Lotus UK factory future: Hethel plant put 'under review' by Chinese owner
Geely weighing up a host of options as it tries to stem huge losses at troubled British sports car firm – including possible closure of Norfolk base

The future of Lotus’s UK factory Hethel is under review, as its Chinese owner, Geely, takes drastic action to fix the loss-making British sports car brand.
The car maker is trapped in a perfect storm, buffeted by tariffs that have inflated the cost of UK sports car exports to the United States, and exorbitant American import duties on its Chinese-built lifestyle EVs that make sales commercially impossible. Lotus is also grappling with inconsistent electric car demand, and growing the brand from a tiny customer base.
Geely has pumped billions of investment into Lotus, funding the clean-sheet electric technology that underpins the Eletre SUV and Emeya sports saloon and a factory in Wuhan, China, with a 150,000-unit capacity. It has also invested £100 million in its Norfolk site, yielding new production lines to build the petrol-powered Emira sports car and pure electric Evija hypercar.
Nonetheless, Lotus sold only 12,134 vehicles in 2024, and deliveries slid 42 per cent in the first three months of this year to just 1,274. Sports cars contributed 555 of those, but volume will have taken a further dive since, with Hethel having to stop production in May in the aftermath of President Trump’s announcement of global tariffs.
The US is a critical market for the Emira sports car, accounting for a fifth of Lotus’s global volume in 2024. “We hit a bump in the road,” Lotus Europe boss Matt Windle told Auto Express a few weeks ago. “But pricing is agreed and cars [will begin] flowing again.” With the new prices incorporating the 10 per cent import tariff agreed between the US and UK, deliveries are scheduled to recommence in August.
But the structural decline in sports car sales, the recent production hiatus and underperforming sales to date for the £2.4 million Evija electric hypercar have triggered multiple rounds of job cuts in Norfolk. And now Geely has ordered a strategic review into Hethel, as part of its drive to get Lotus to break even in 2026.
The review will look at ways to boost sales of the existing line-up, decide whether a hybrid or pure electric sports car should replace the Emira, and even consider closure of the factory.
News of the review, including the extreme option of shuttering Hethel, leaked to the Financial Times, which reported in late June that Geely had decided to shift sports car manufacturing to the US.
The report sparked intense talks with the Department for Business and Trade, with state support potentially on the table to help Lotus through this bleak period. The following statement was also issued: “Lotus Cars is continuing normal operations, and there are no plans to close the factory. We are actively exploring strategic options to enhance efficiency and ensure global competitiveness in the evolving market.”

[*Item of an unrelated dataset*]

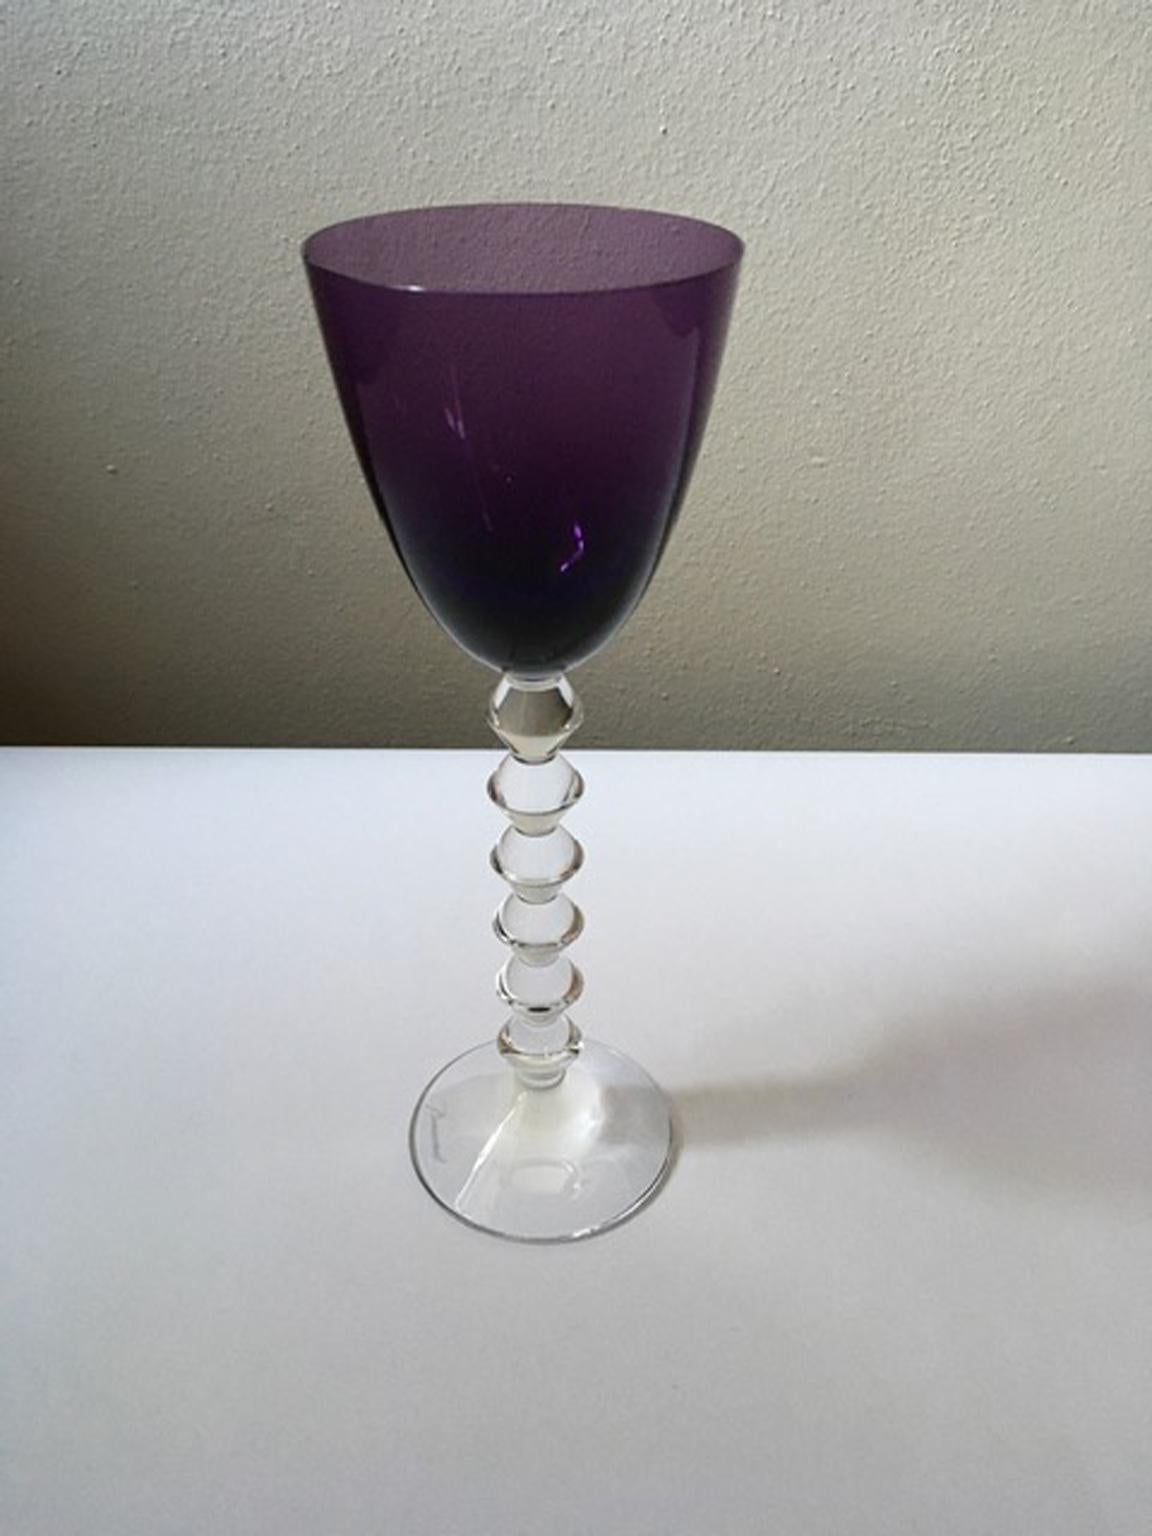 Baccarat Purple Crystal Goblet, France 7

Shifting sports car production to the US is unlikely: more logical is that Geely fast-tracks US localisation of the Eletre and Emeya, which will introduce ‘hyper-hybrid’ powertrains from next year. It already owns a factory in South Carolina producing the Volvo EX90 and Polestar 3, although Volvo expects to add the 2026 EX60, eating up capacity.
The hyper-hybrid powertrain will be shared with Chinese entrants Zeekr and Lynk & Co: Geely chairman and founder Li Shufu outlined his plans to scale technologies more deeply across group brands – including Lotus, Volvo and Polestar – in his Taizhou declaration in September 2024.
Zeekr and Lynk & Co have a plug-in hybrid set-up that combines a 2.0-litre turbocharged petrol engine packing up to 275bhp with front and rear electric motors. Total output can eclipse 850bhp, 0-62mph takes less than 5-seconds and the system is supported by a big battery with more than 100 miles of electric range. Lotus will have access to this hardware to deliver its hyper-hybrids, starting with the Eletre in 2026.
Chinese executives are said to be acutely aware of the iconic status of Hethel, home to Lotus since 1966, its triumphant Formula One racers and competitive sports cars. “I think there’s a place for Hethel, it’s the home of the brand,” Matt Windle told us. “When I spend time in China with my Geely colleagues, they really buy into the brand story; other companies just haven’t got that legacy or history.”
Geely plans to decide Lotus’s future unilaterally: it has exercised an option to buy Malaysian partner Etika Automotive’s 49 per cent stake in the Hethel sports car business and engineering consultancy. The deal should be complete by the end of the year.